Может, Вуядин и преувеличивал, но упрекать его не приходится, основания вспомнить пословицу у него имелись. Разбойничал в свое время и Вуядин, его поймали, но по случаю одного из многочисленных народных празднеств амнистировали. С тех пор он угомонился и больше разбоем не промышлял, а если время от времени и падало на него подозрение и его сажали ненадолго в тюрьму, то он тешил себя тем, что тюрьма построена для мужчин, а не для баб да мокрых кур; к чести суда, его невиновность бывала доказана, и он, отсидев немного, выходил здрав и невредим.
— Ничего не поделаешь,— продолжал Вуядин.— Придется за ним присмотреть да приструнить хорошенько.

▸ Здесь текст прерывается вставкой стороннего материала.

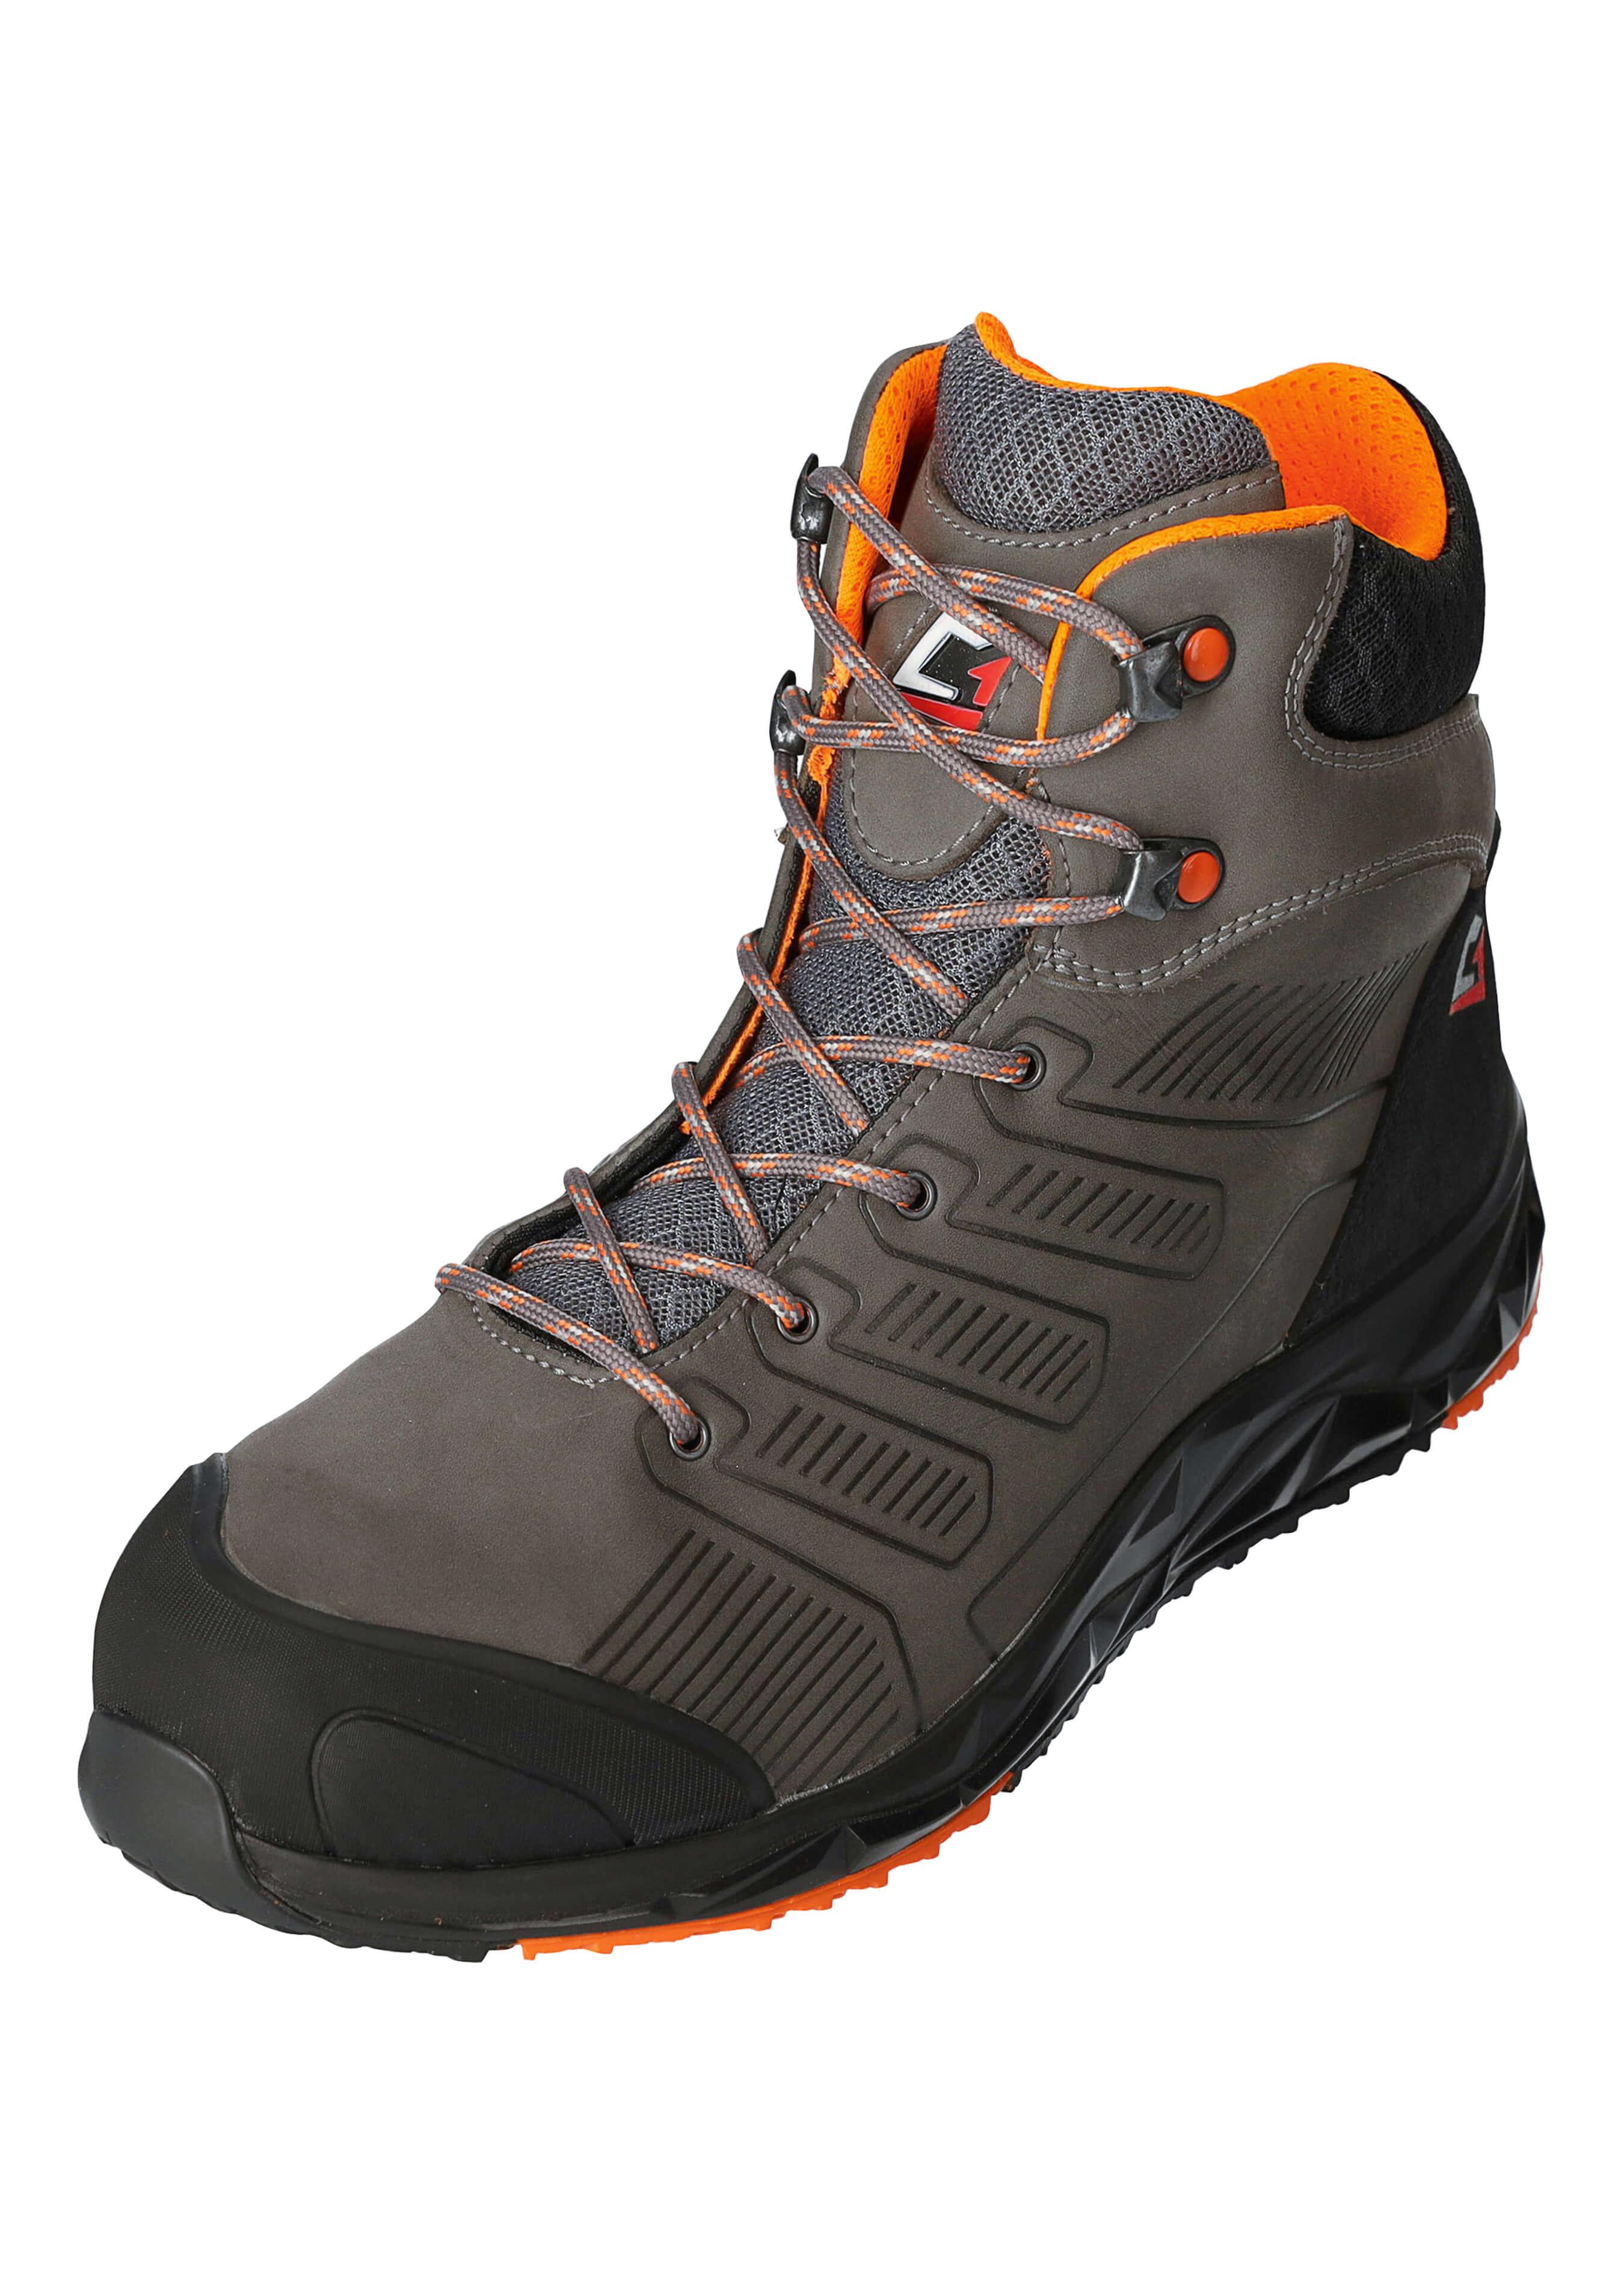 Chaussure de sécurité Nascar S3 montante 42811236 1

А сейчас, слава богу, положение наше не то, что прежде. И нас малость солнышко пригрело. Как-никак школу окончил, читает, пишет, читает и свое и чужое, как свое, нигде не запнется. Читает, пожалуй, почище, чем Вукман приказы исправника. Просто грешно, чтобы такой ум плесневел в селе! Отправлю-ка я его в местечко к портному Тиосаву, пусть изучает портняжное и торговое дело да долговые расписки крестьянам пишет; станет народ спрашивать: «Чей это у тебя секретарь, Тиосав?»— а Тиосав ответит: «Вуядинов, ей-богу, неужто не узнали». А когда вырастет, войдет в силу, может хоть и в стражники, ежели душа к тому лежать будет.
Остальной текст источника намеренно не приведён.